Title (Goal)Amherst - embargo handling
Primary ActorDeveloper
ScopeComponent
Level 
Author Unknown User (acoburn)
Story (A paragraph or two describing what happens)For objects in the repository with embargos, an external process should be able to periodically check on those resources (e.g. weekly, monthly), updating the access controls (e.g. using WebAC) when the access restrictions go out of effect.

Web Resource interaction

As captured in the discussion below, there are two possible paths for this component. One approach would be to capture (filter) incoming requests, and, if an embargo is different than the authorization mode in effect, it could change that authorization mode to align with the embargo. This has the advantage that any embargo that has gone into or out of effect will be "immediately" translated into an authorization policy (by "immediately" I mean upon the next (filtered) request for the resource). The disadvantage is that every request would have the additional overhead of handling embargo dates; furthermore, a user request would require privilege escalation in order to change that resource, which is a situation that gives me pause.

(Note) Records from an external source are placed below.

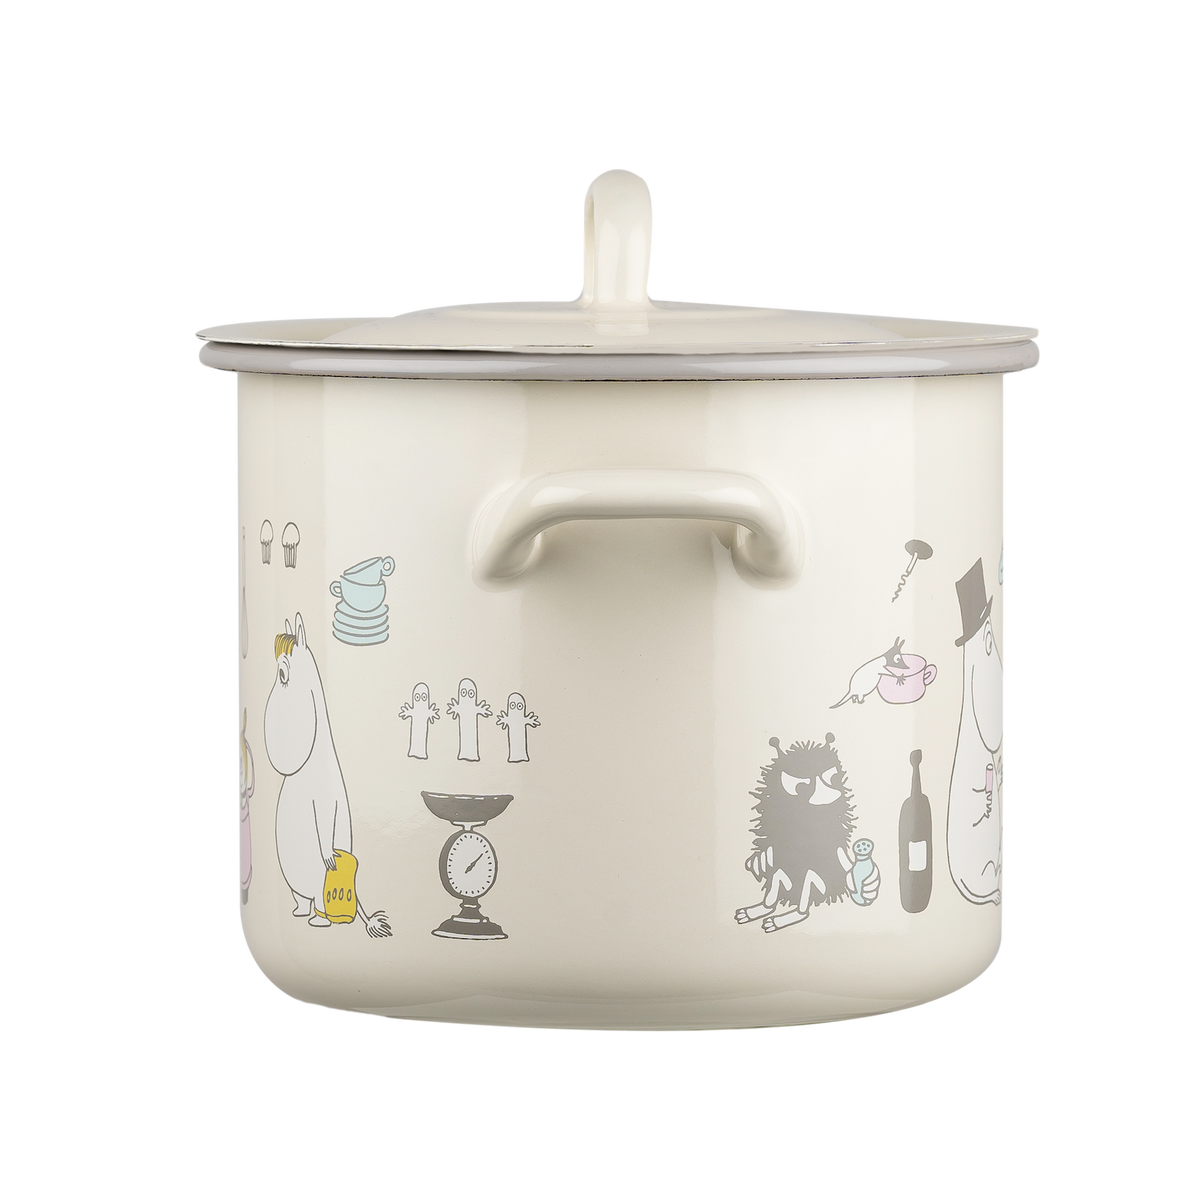 Moomin by Muurla, Bon Appétit Enamel Cooking Pot with Lid, 2.5 L, made in carbon steel enamelware 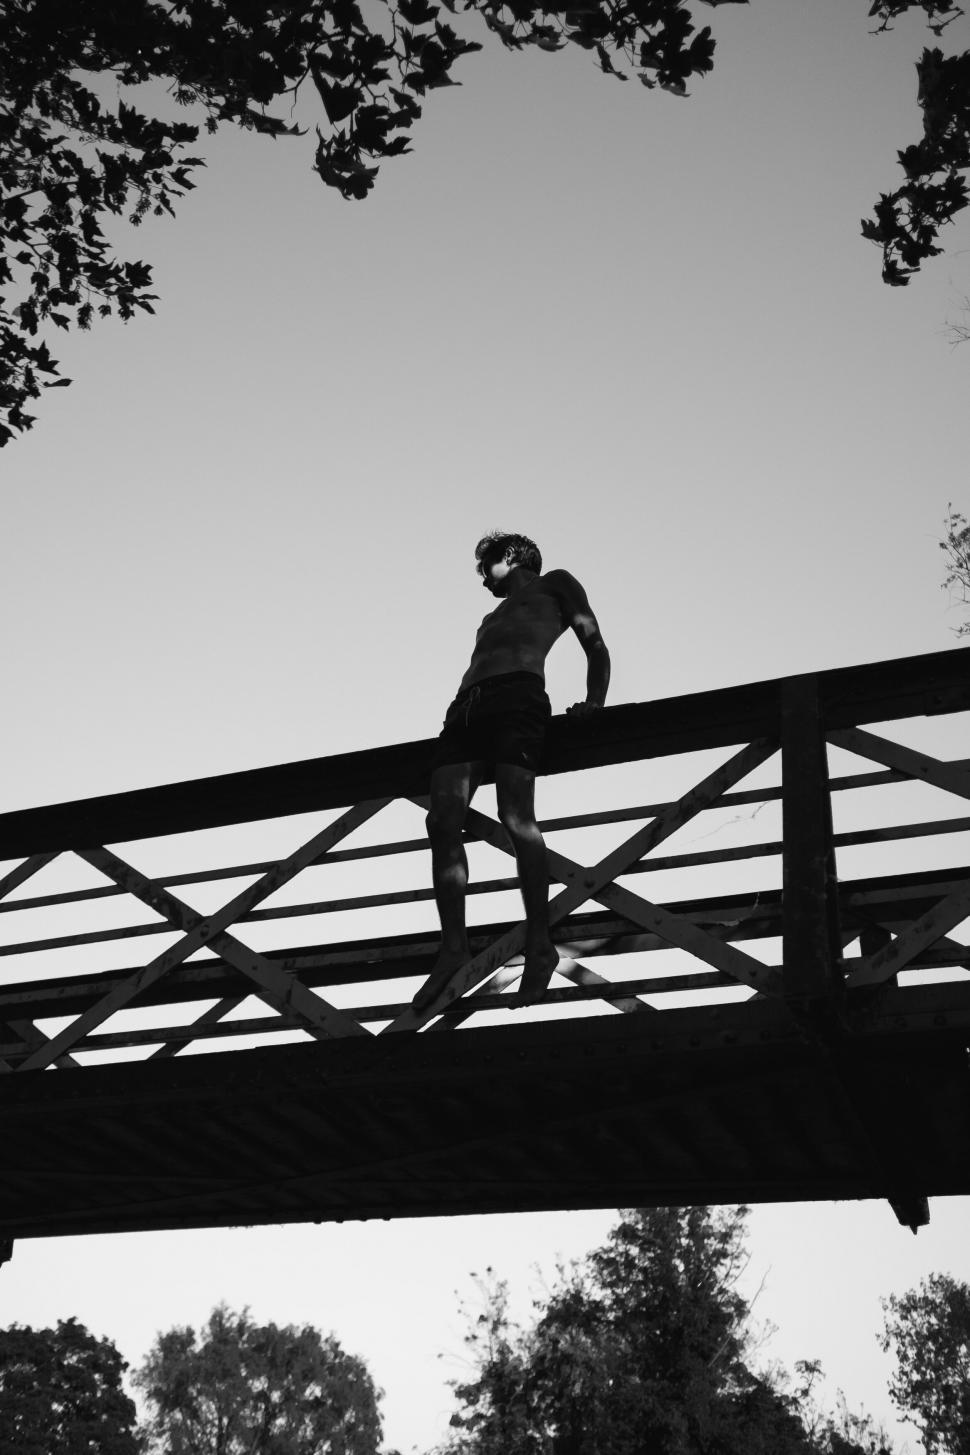 Free Image of Silhouette on bridge in black and white 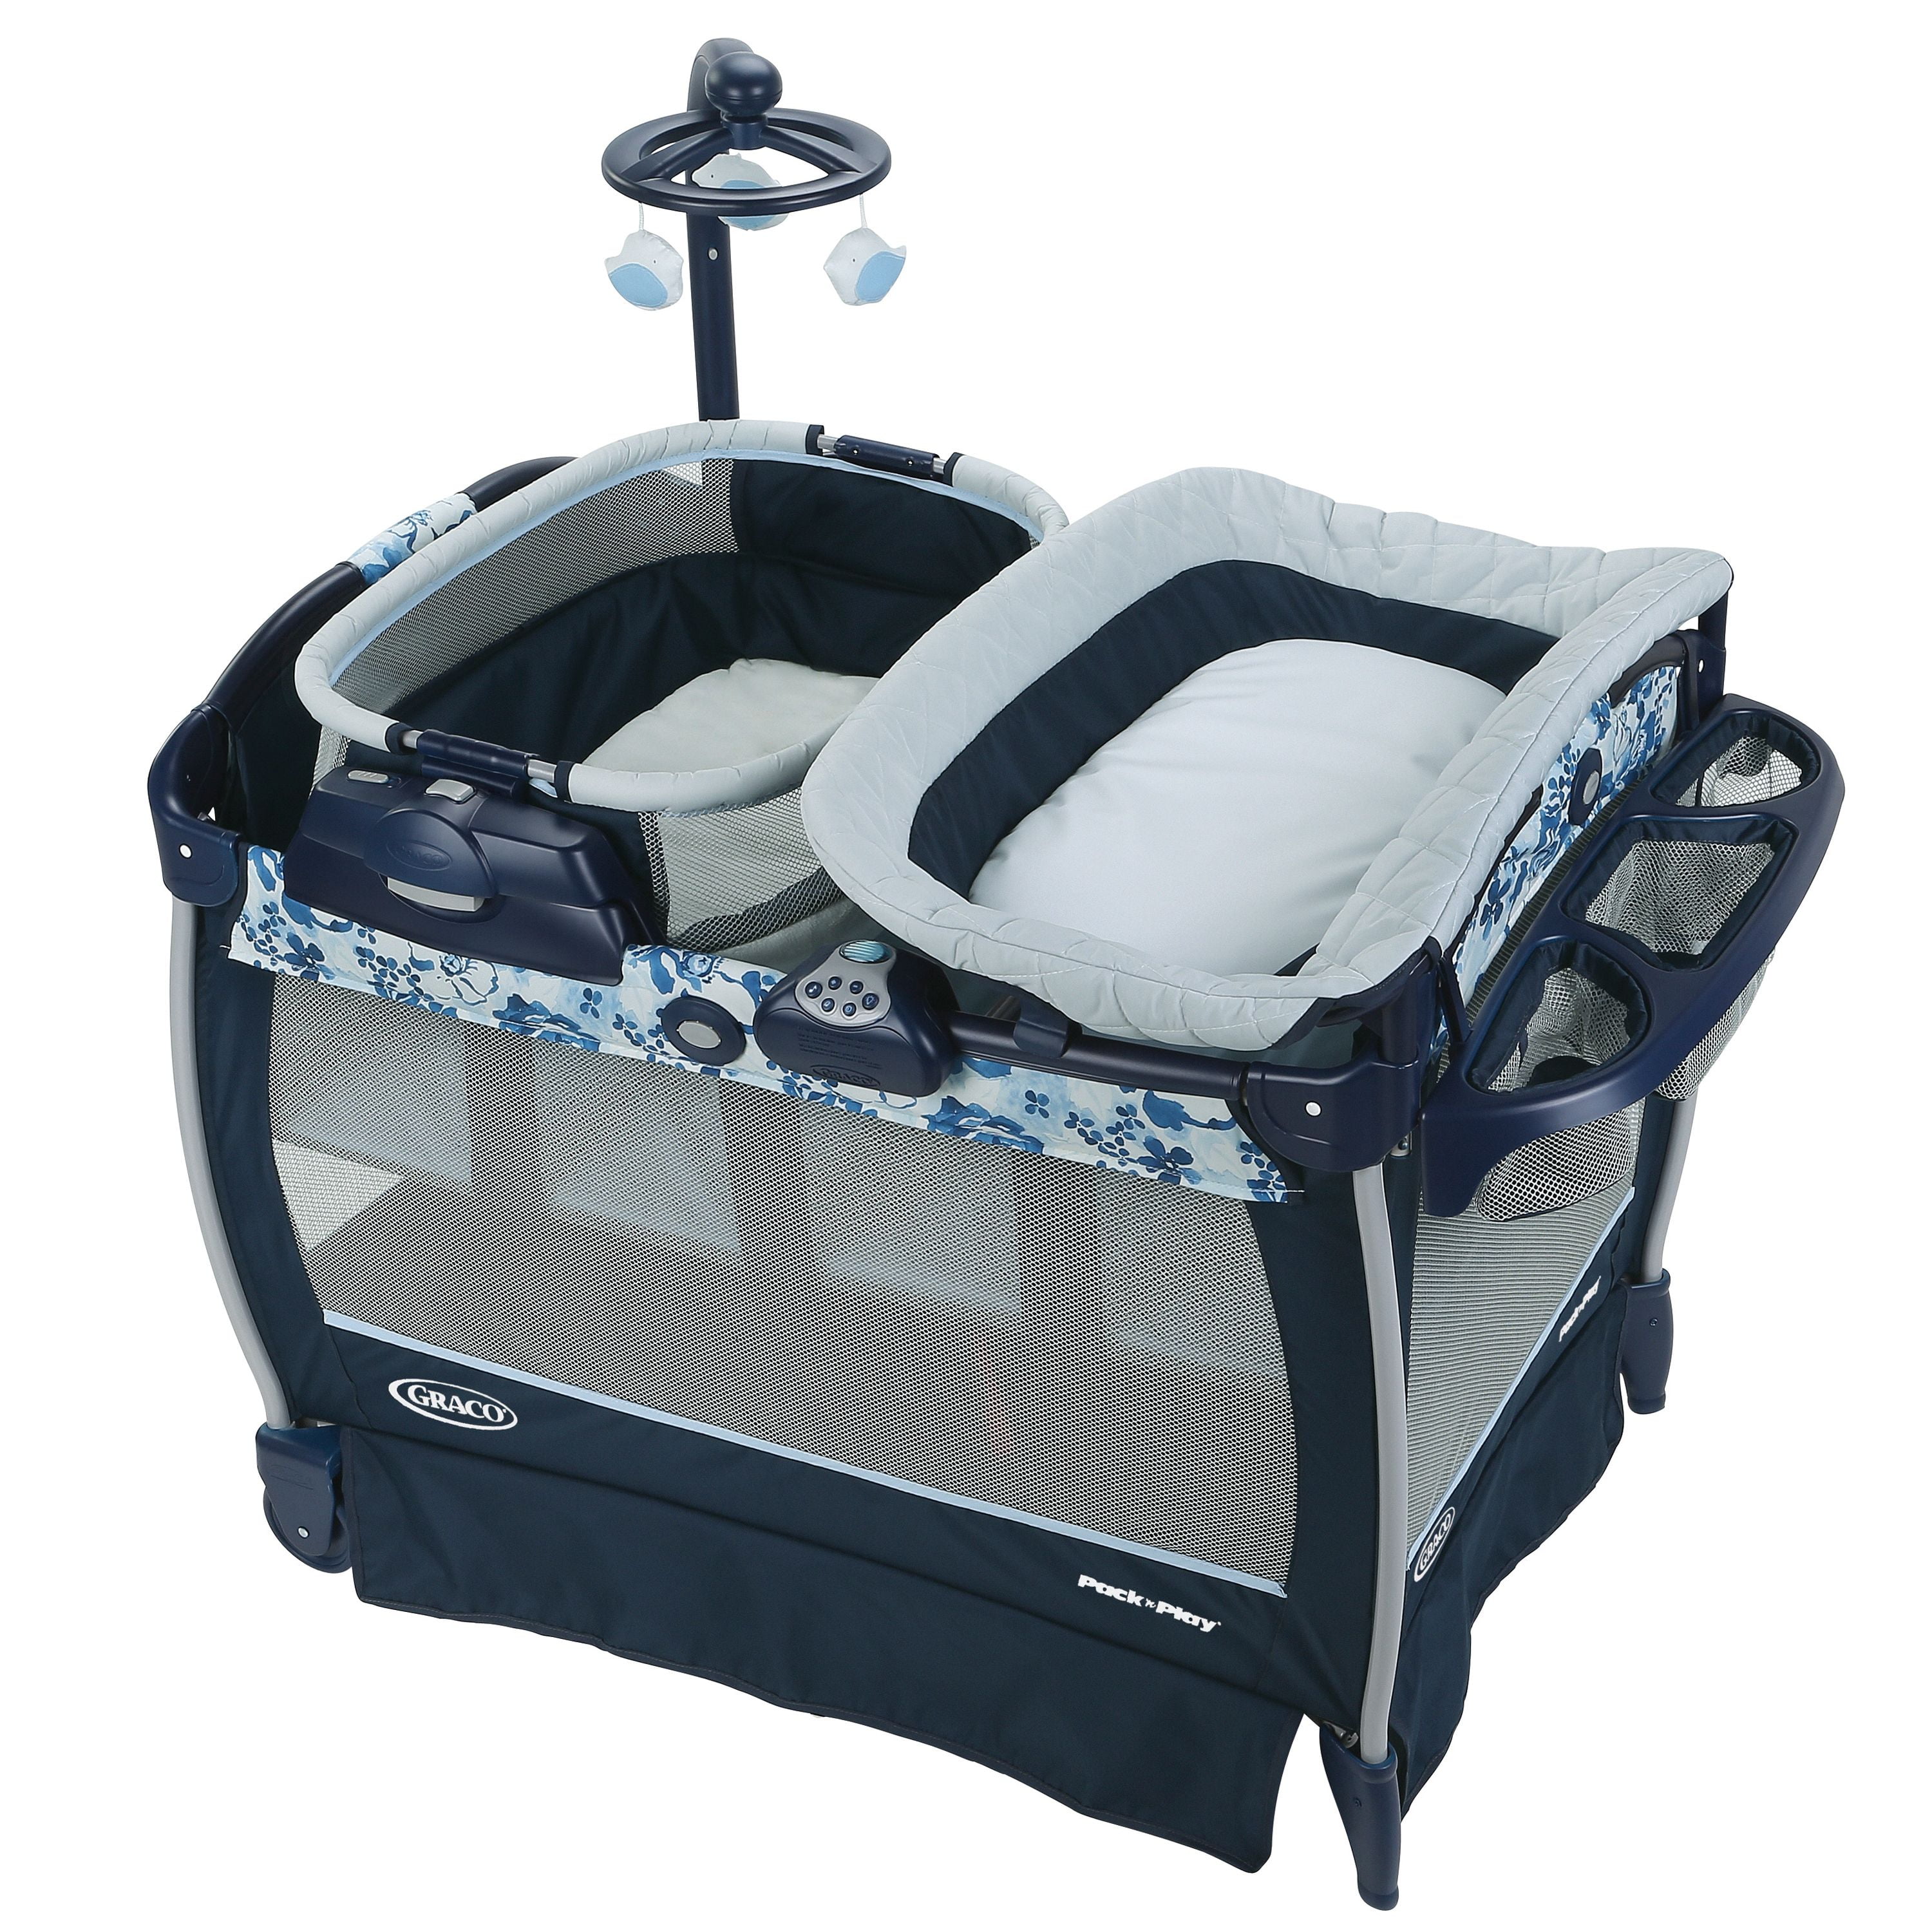 walmart pack and play bassinet

The alternative approach would be to have a background batch process that is initiated either by an HTTP request or by running a script. That process would check on embargo-ed resources to verify whether the (WebAC) authorization mode should be changed. If it has, that change would be made. This script should not have to do a full repository scan: it should be able to generate a list of candidate resources to check based on some index: triplestore, database, solr, etc. That index, presumably, would be generated by a listener on Fedora's event stream.

Deployment or Implementation notes

This service would be deployed separately from fedora. I envision that this would require access to Fedora's HTTP API and event stream. It would probably make sense to implement this in a scripting language: python, ruby or go.

API-X Value Proposition

The primary use of this service would be for supporting an asynchronous background worker process for updating repository resources.  

 

18 Comments

  1. Would another mode of operation be to check the embargo at request time, and update the WebAC rules (I'm not familiar with WebAC or its FF implementation)?  So one mode of operation could be a periodic scan, and another mode of operation is to check the embargo at the time the resource is requested? 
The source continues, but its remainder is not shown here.